Twitter suffered a huge attack last week. The IT community was shocked and bewildered by how “unimpressive” was criminals’ income from the loudest attack on social networks in history. It turned out that the Twitter hack could have brought criminals more money if Coinbase Did not Block Transactions.

During the attack, were compromised accounts of many public people and large companies, including Bill Gates, Elon Musk, Jeff Bezos, Apple and Uber, CoinDesk, Binance and Gemini, and so on.

The cybercriminals took advantage of the access to the top accounts by arranging a fake distribution of bitcoins.

“The scammers acted according to the classic scam scheme: on behalf of famous people and large companies, they asked to send them a small amount of cryptocurrency, promising to double and return any amount received”, – said Twitter representatives.

The preliminary results of the investigation state that were hacked 130 accounts. For 45 of them, passwords were successfully reset and compromised. For 8 more accounts, the attackers downloaded all available account content using the Your Twitter Data function. Interestingly, none of these 8 accounts were verified (had no blue checkmark).

Unfortunately, even in 2020, there were many people who believed that Bill Gates, Elon Musk and other famous people and companies suddenly began distributing bitcoins. Since all the hacked accounts used the same messages and the same bitcoin wallet, you can see that the scammers “earned” about 13 BTC, that is, about $120,000.

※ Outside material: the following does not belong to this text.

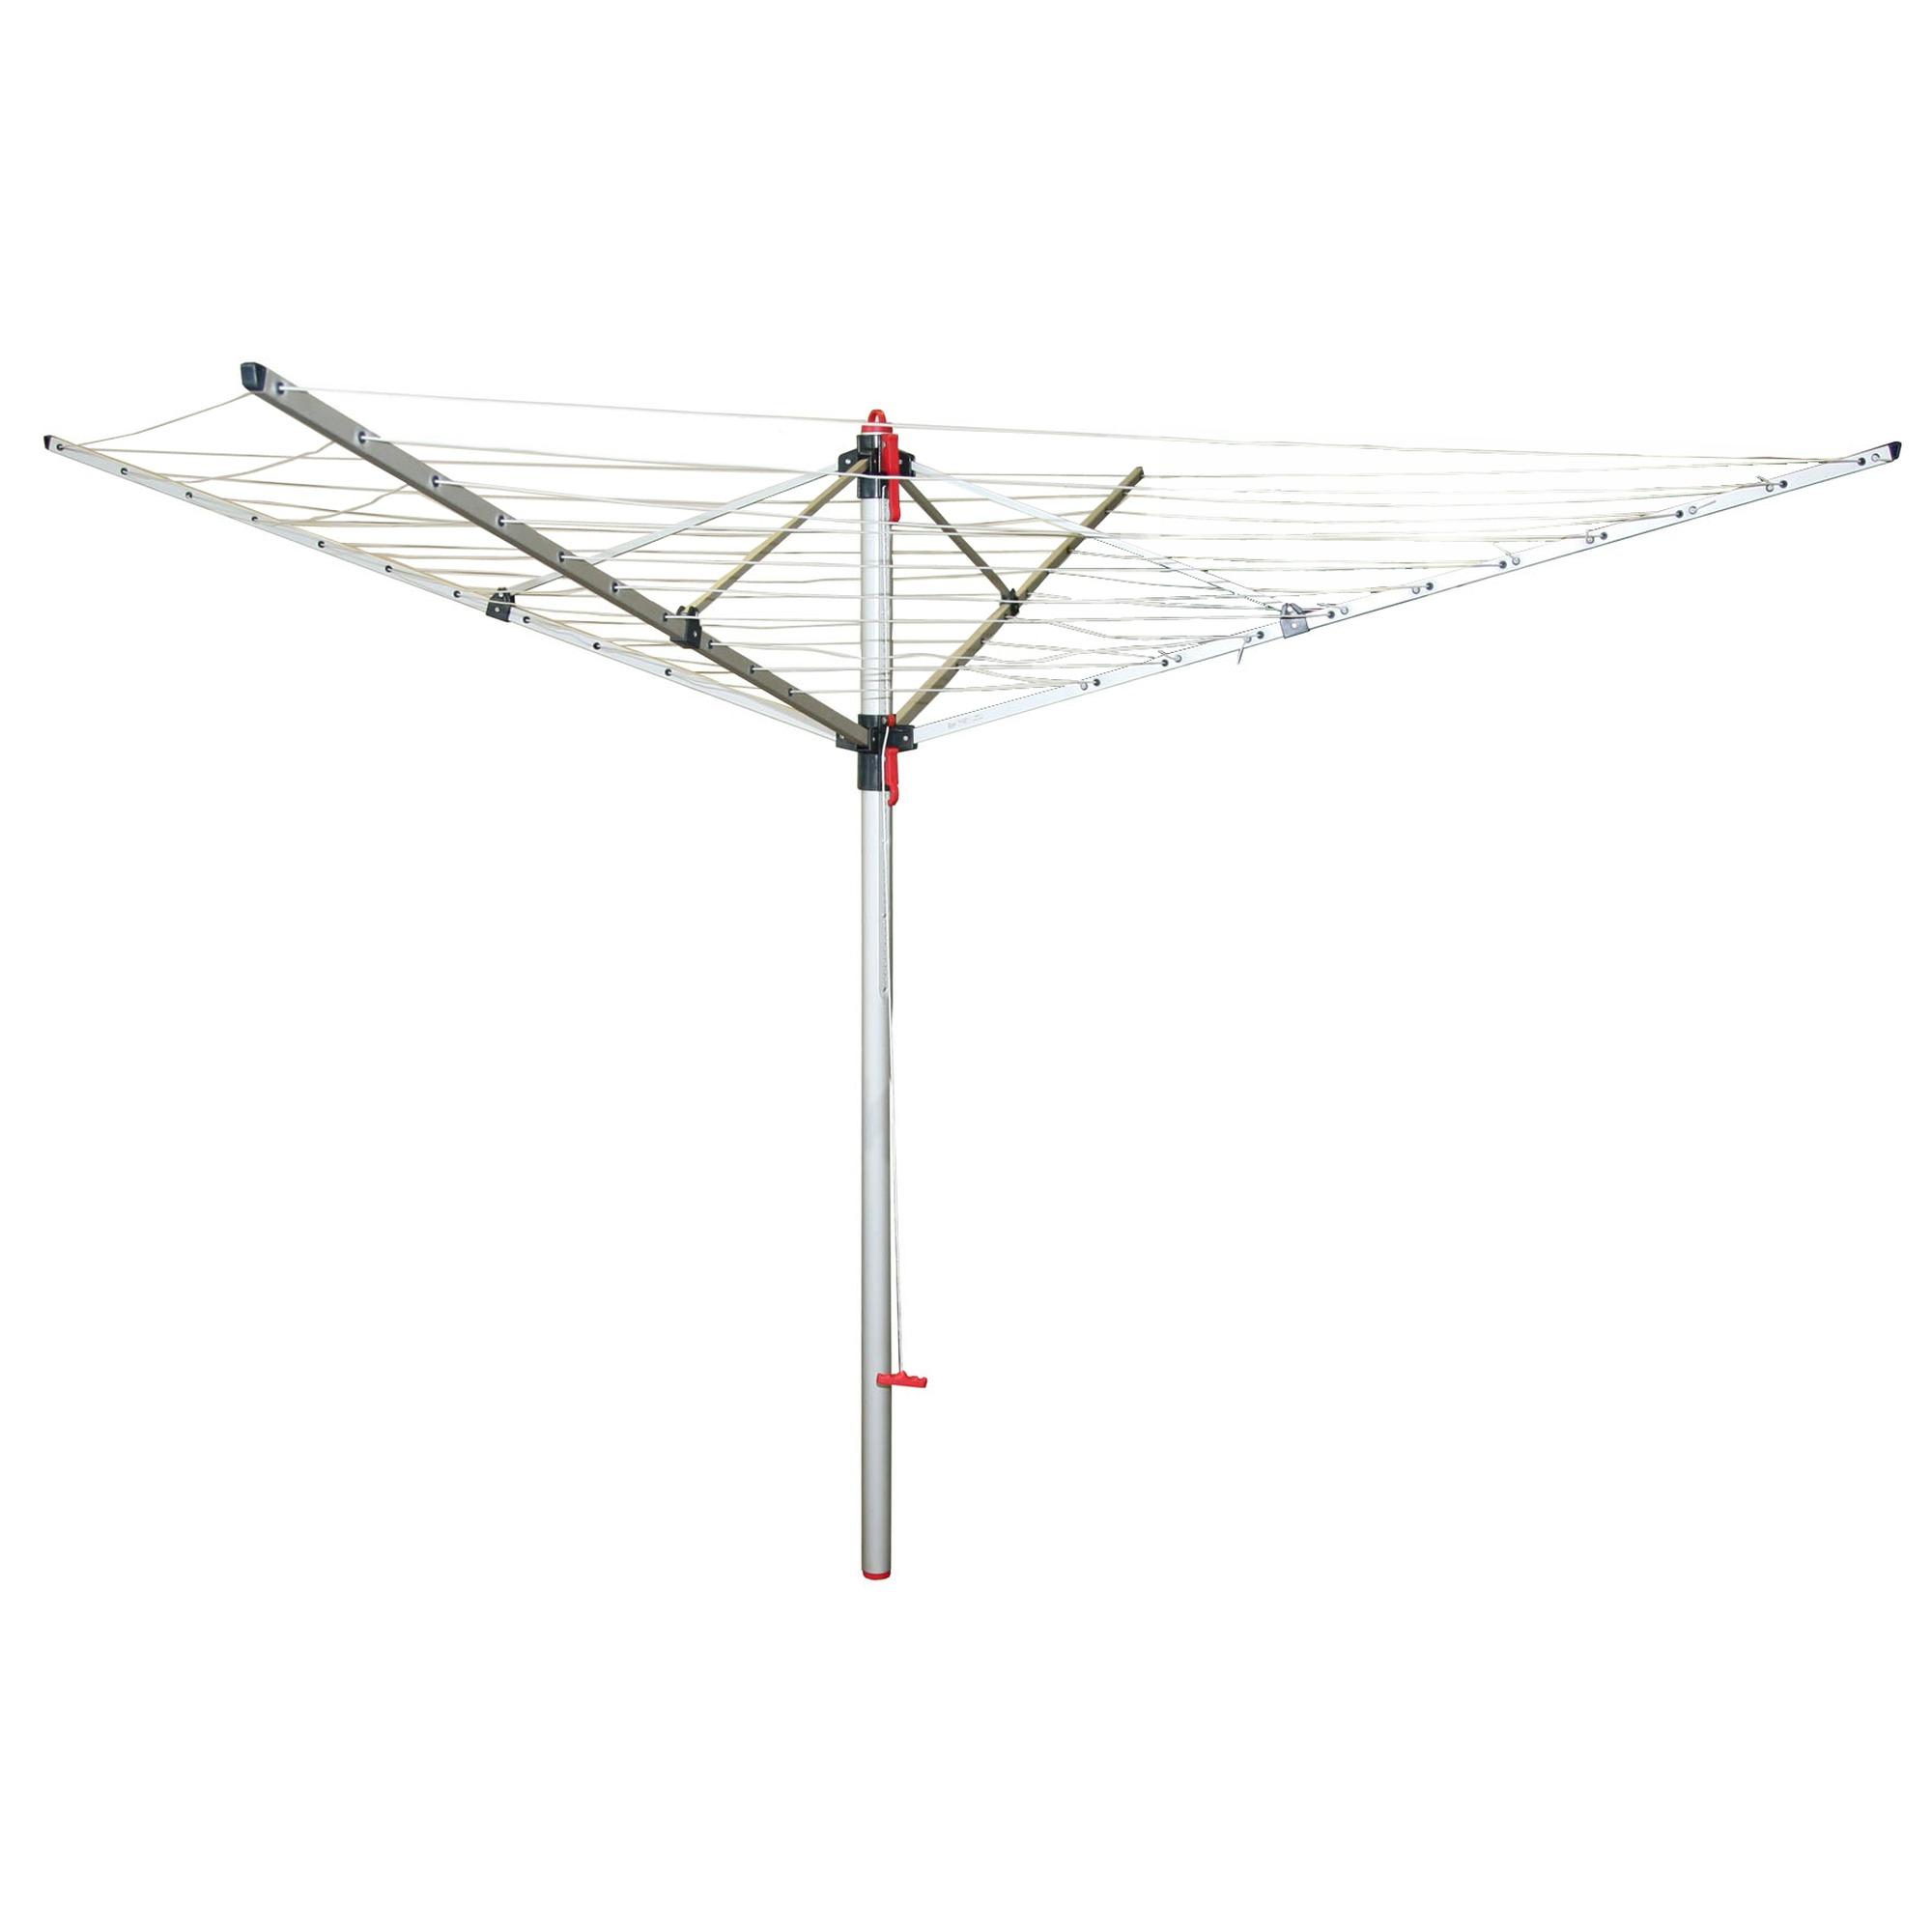 s choir parapluie viva air ultra light vileda gris. Black Bedroom Furniture Sets. Home Design Ideas

However, as it turned out now, this amount could have been much higher. In an interview with Forbes reporters, the information security director of the cryptocurrency exchange Coinbase Philip Martin said that upon noticing the attack on Twitter and scammers’ messages, the exchange employees immediately took a number of actions. In particular, Coinbase prevented 1,100 customers from transferring 30.4 BTC to the attackers’ address, that is, approximately $280,000 at the current exchange rate.

“Only 14 Coinbase users managed to send bitcoins to the fraudulent address (totaling about $3,000) before Coinbase blacklisted it”, – said Philip Martin.

Other exchanges, including Gemini, Kraken and Binance, also reported that they blocked funds transfers to the hackers’ wallet, although their users made far smaller transaction attempts than Coinbase users.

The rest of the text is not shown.